Problem.
Among the lines of data below, reproduce only those from the one with "Thủ tục rút" through the one with "Elvis Presley Elvis", exactly as they stand, both ends included.

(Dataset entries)
□ □ □ □ □
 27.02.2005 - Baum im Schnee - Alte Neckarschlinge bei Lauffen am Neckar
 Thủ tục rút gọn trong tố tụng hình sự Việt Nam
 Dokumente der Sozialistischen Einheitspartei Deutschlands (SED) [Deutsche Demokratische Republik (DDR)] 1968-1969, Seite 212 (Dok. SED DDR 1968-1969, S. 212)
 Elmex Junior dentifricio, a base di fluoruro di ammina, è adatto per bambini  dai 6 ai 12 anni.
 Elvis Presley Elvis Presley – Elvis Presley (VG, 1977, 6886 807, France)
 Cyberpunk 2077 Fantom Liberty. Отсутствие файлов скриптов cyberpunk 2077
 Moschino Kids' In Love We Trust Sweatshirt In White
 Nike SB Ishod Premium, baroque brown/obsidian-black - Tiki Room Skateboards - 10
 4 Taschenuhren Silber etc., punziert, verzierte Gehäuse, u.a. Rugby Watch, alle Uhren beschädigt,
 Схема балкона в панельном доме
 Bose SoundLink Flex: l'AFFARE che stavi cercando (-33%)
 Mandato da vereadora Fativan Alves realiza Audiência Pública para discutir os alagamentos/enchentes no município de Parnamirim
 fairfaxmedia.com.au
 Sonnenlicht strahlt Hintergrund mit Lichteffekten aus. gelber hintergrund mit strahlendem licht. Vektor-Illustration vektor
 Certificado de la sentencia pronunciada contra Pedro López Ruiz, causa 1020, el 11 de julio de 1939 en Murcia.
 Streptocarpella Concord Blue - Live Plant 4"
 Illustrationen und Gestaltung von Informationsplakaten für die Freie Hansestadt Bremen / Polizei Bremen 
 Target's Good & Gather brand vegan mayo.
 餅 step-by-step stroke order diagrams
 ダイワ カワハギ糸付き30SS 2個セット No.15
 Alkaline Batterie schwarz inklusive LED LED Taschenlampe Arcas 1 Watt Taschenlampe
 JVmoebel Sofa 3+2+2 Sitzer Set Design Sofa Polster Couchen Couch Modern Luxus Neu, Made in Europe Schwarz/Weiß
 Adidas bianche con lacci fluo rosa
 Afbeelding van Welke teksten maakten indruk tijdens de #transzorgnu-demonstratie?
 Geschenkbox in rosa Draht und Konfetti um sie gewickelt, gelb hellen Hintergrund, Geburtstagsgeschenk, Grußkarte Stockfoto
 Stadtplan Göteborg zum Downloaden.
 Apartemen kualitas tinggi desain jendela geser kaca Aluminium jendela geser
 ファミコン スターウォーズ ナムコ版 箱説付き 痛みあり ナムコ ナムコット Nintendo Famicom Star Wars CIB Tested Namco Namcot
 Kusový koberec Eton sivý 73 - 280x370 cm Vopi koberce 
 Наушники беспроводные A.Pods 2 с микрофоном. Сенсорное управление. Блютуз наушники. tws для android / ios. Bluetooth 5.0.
□ □ □ □ □
Solution for this task.
 Thủ tục rút gọn trong tố tụng hình sự Việt Nam
 Dokumente der Sozialistischen Einheitspartei Deutschlands (SED) [Deutsche Demokratische Republik (DDR)] 1968-1969, Seite 212 (Dok. SED DDR 1968-1969, S. 212)
 Elmex Junior dentifricio, a base di fluoruro di ammina, è adatto per bambini  dai 6 ai 12 anni.
 Elvis Presley Elvis Presley – Elvis Presley (VG, 1977, 6886 807, France)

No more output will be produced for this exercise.